Office and retail vacancies in the city’s central core continued to climb in the fourth quarter of 2020, according to a quarterly report released Thursday by the Urban Development Institute of Quebec and the Montréal Centre-Ville merchants association. The report, whose first edition was published in October, aims to paint a socio-economic picture of the downtown area.

The survey also found office space available for sublet had increased during the fourth quarter, which may foreshadow even more vacancies when leases expire. On the residential front, condo sales fell as new listings soared — a sign that the downtown area may be losing some of its appeal to homeowners.

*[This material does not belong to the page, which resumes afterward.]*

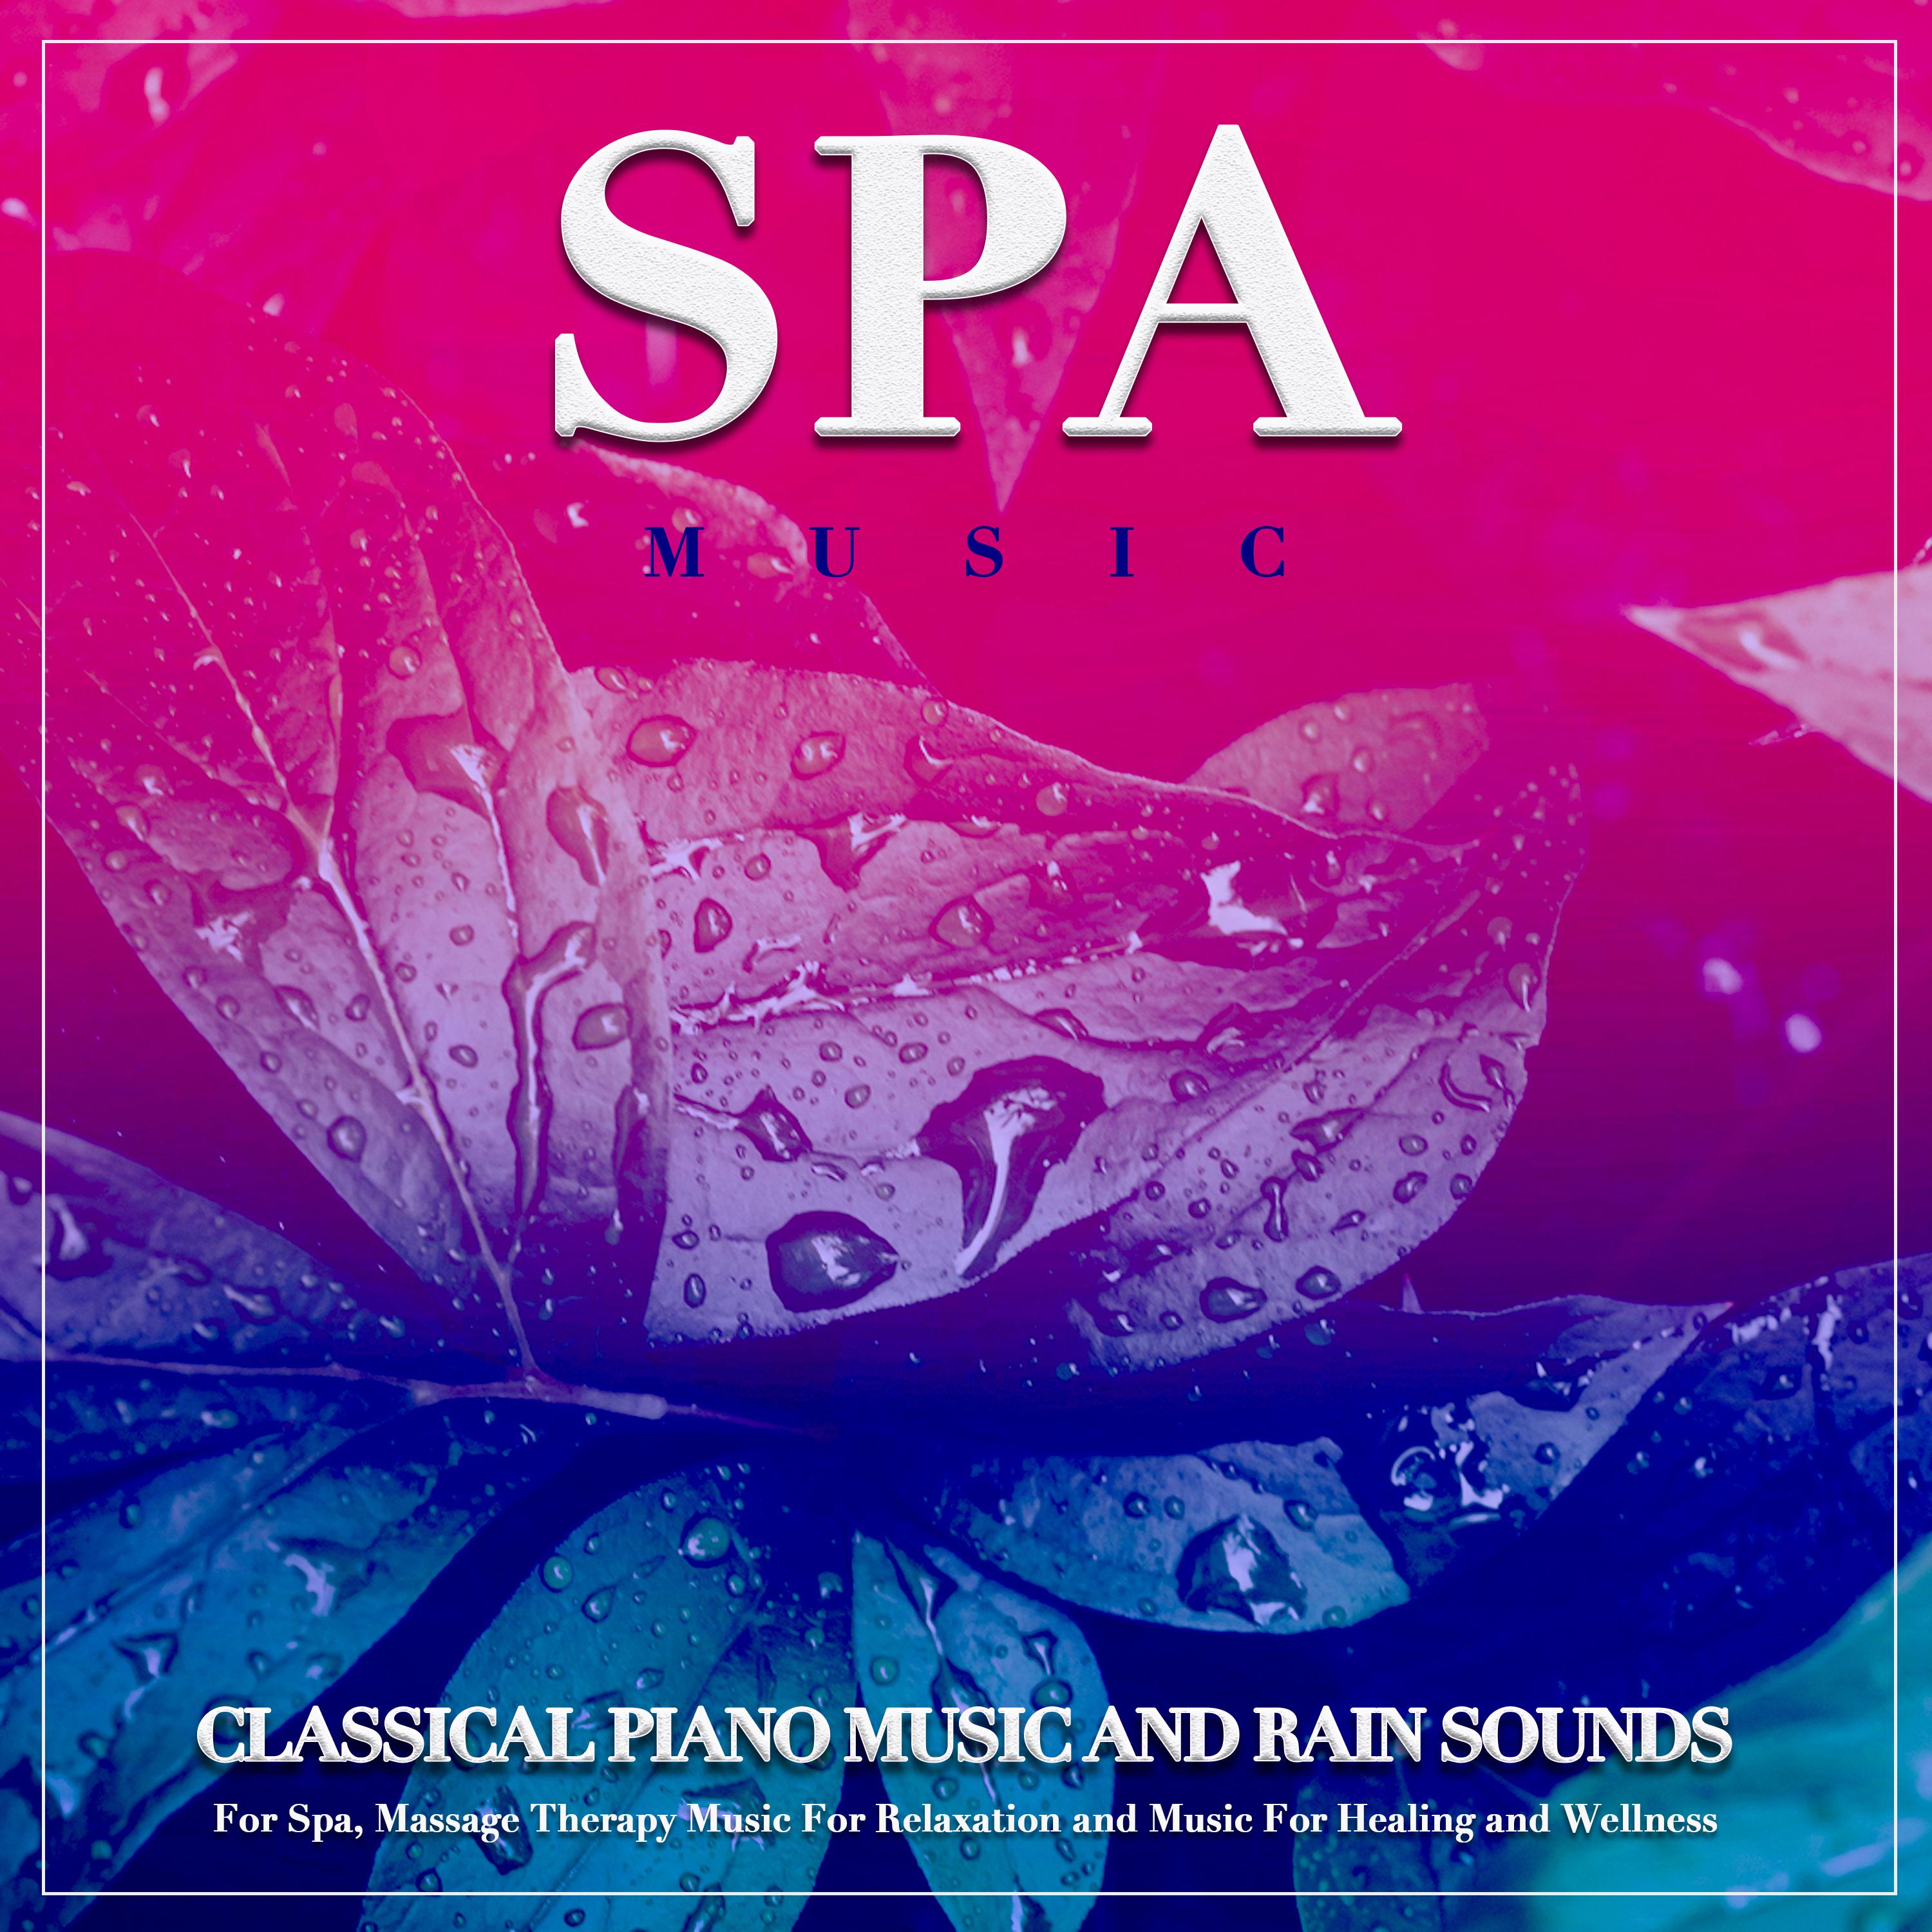 Des Abends - Schumann - Classical Piano and Rain Sounds - Spa Music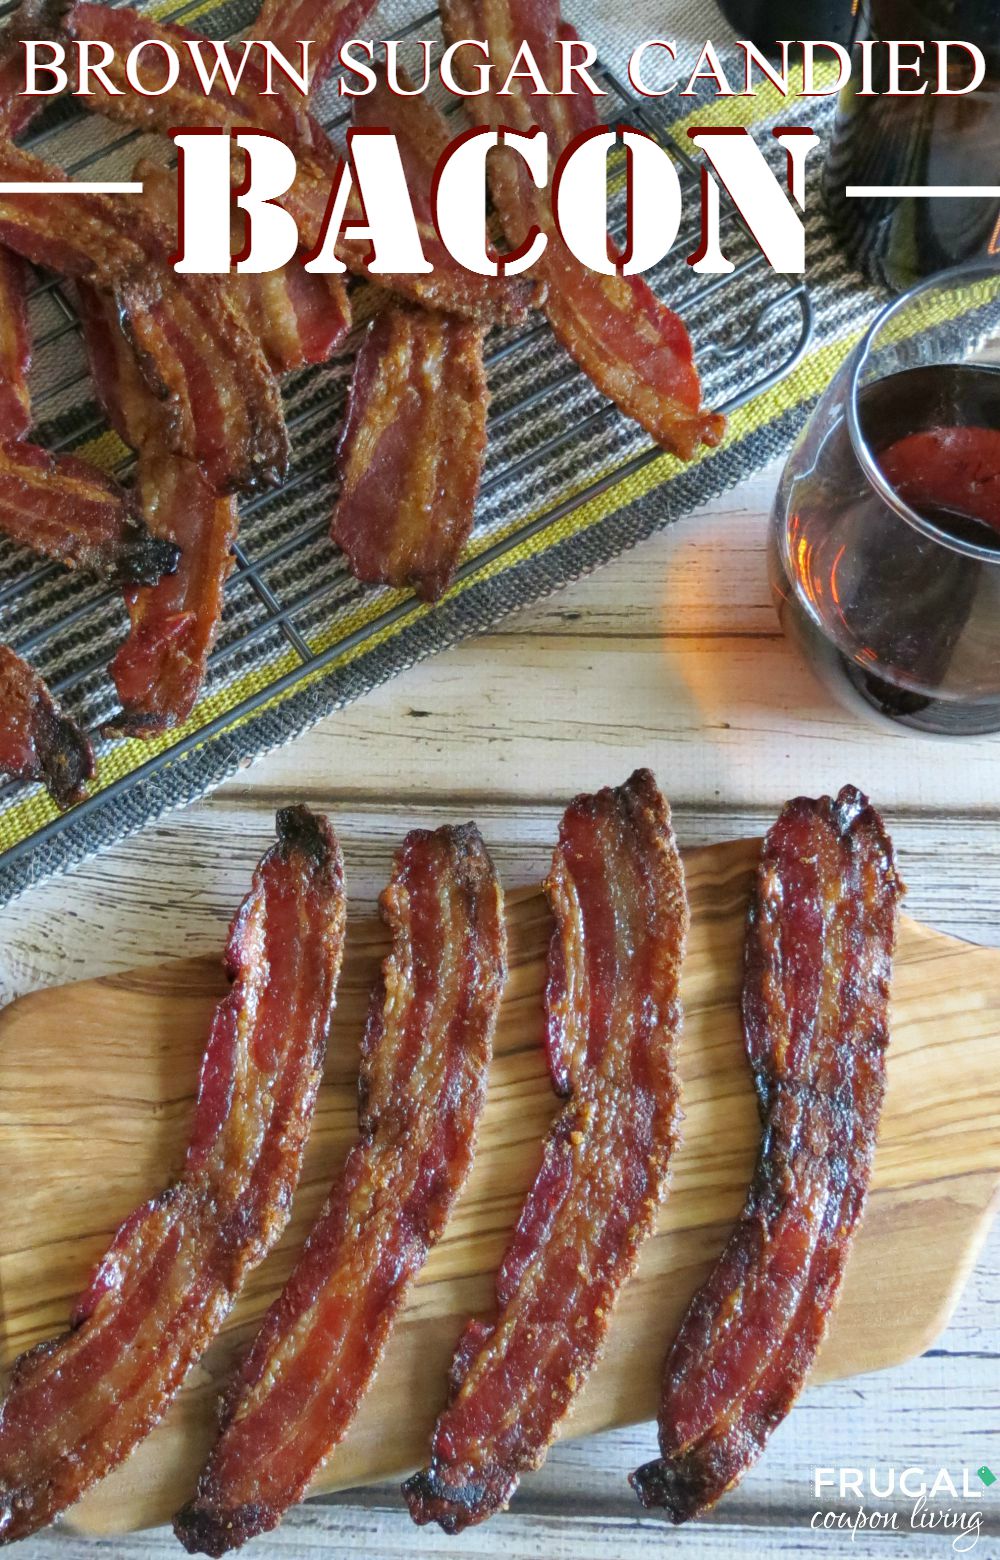 candied-bacon-large-frugal-coupon-living-title

“It’s impossible not to be preoccupied by the rapid increase in office vacancies,” Jean-Marc Fournier, the former Quebec politician who now heads the UDI, said Thursday in an interview.

Still, with COVID-19 vaccinations set to accelerate in the coming months, “the economic picture is bound to improve,” he said. “People will start returning downtown. It’s much too early to say the office market is going to disappear.”

Public health measures implemented since the start of the pandemic almost a year ago — such as caps on office capacity — have deprived downtown Montreal of more than 500,000 workers and students. A mere 4,163 university and CEGEP students attended in-person classes in the second quarter, the most recent period for which figures are available. Border closures and travel restrictions have also brought tourism to a standstill, hurting hotels and thousands of local businesses.

Seventy per cent of downtown workers carried out their professional activities at home more than three days a week during the fourth quarter, the report said, citing an online survey of 1,000 Montreal-area residents conducted last month.